Necessary when using cross-validation. During training, auto-sklearn
fits each model k times on the dataset, but does not keep any trained
model and can therefore not be used to predict for new data points.
This methods fits all models found during a call to fit on the data
given.

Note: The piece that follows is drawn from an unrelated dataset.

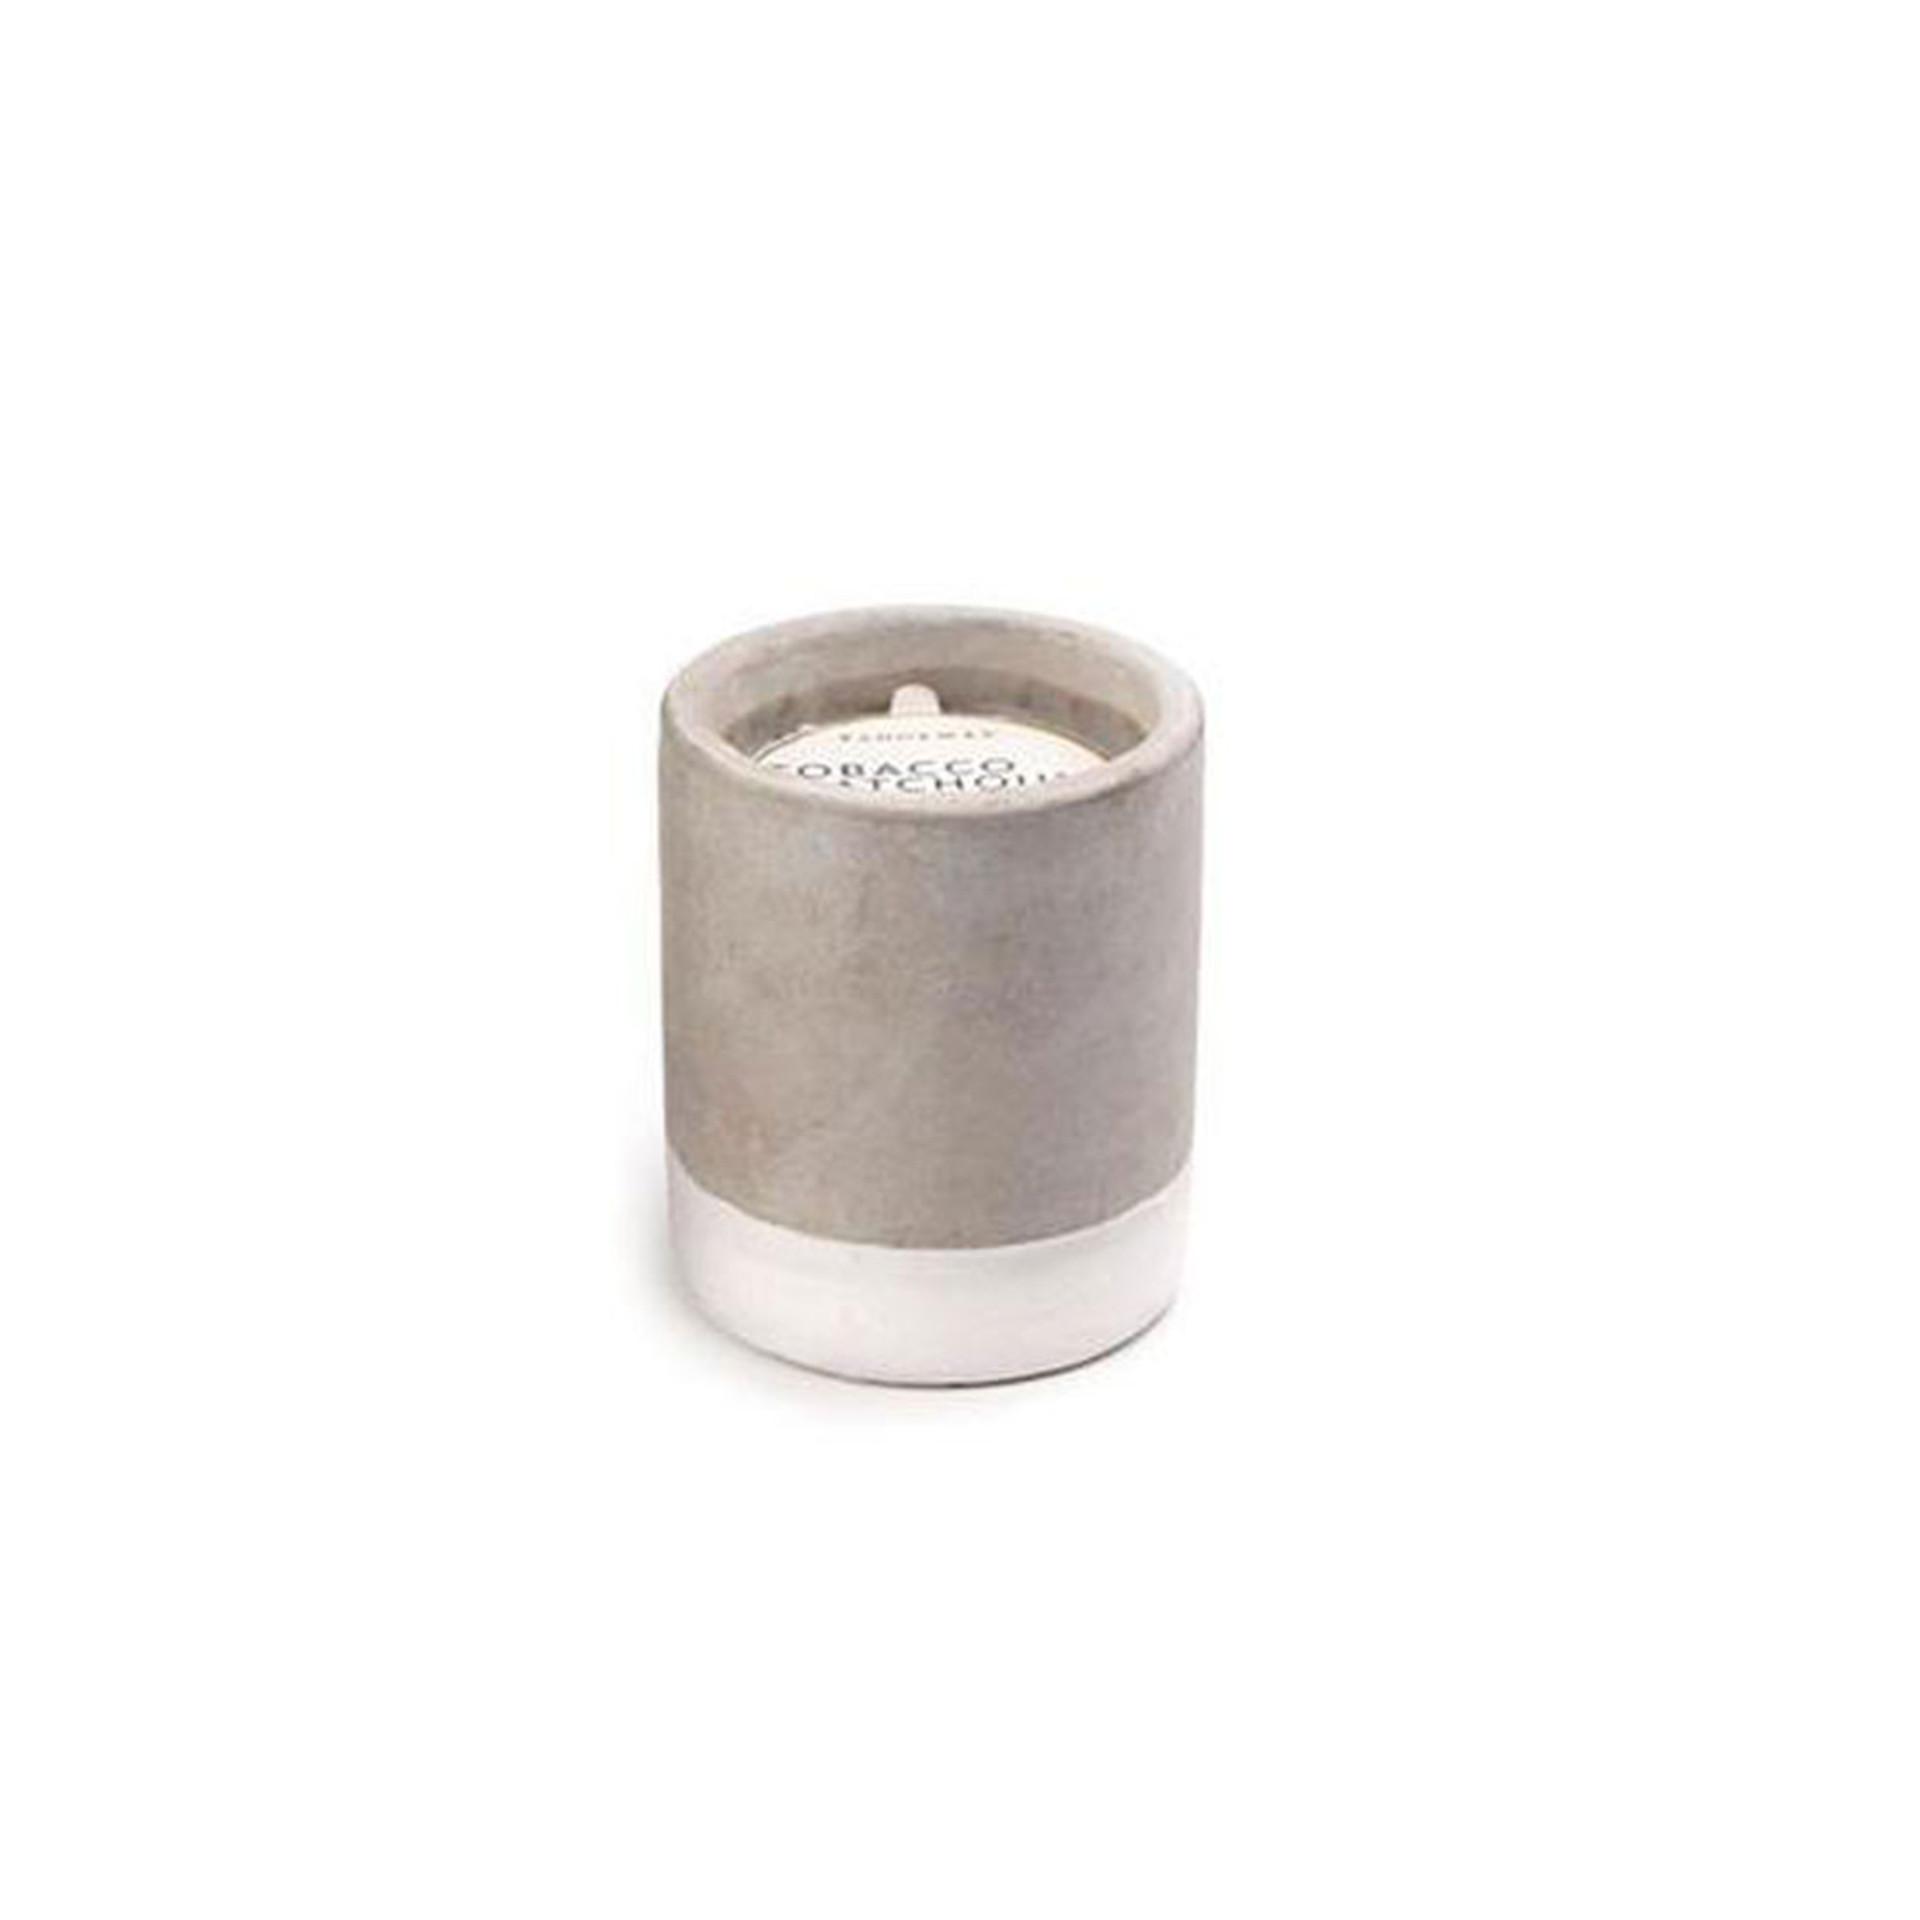 Paddywax Tobacco Patchouli Urban Candle 3.5oz

This method may also be used together with holdout to avoid
only using 66% of the training data to fit the final model.
Parameters
----------
X : array-like or sparse matrix of shape = [n_samples, n_features]
The training input samples.
y : array-like, shape = [n_samples] or [n_samples, n_outputs]
The targets.
Returns
-------
self
"""
self.automl_.refit(X, y)
return self
def predict(self, X, batch_size=None, n_jobs=1):
return self.automl_.predict(X, batch_size=batch_size, n_jobs=n_jobs)
def predict_proba(self, X, batch_size=None, n_jobs=1):
return self.automl_.predict_proba(X, batch_size=batch_size, n_jobs=n_jobs)
def score(self, X, y):
return self.automl_.score(X, y)
def show_models(self):
"""Returns a dictionary containing dictionaries of ensemble models.
Each model in the ensemble can be accessed by giving its ``model_id`` as key.
A model dictionary contains the following:
* ``"model_id"`` - The id given to a model by ``autosklearn``.
* ``"rank"`` - The rank of the model based on it's ``"cost"``.
* ``"cost"`` - The loss of the model on the validation set.
* ``"ensemble_weight"`` - The weight given to the model in the ensemble.
* ``"voting_model"`` - The ``cv_voting_ensemble`` model (for 'cv' resampling).
* ``"estimators"`` - List of models (dicts) in ``cv_voting_ensemble``
('cv' resampling).
* ``"data_preprocessor"`` - The preprocessor used on the data.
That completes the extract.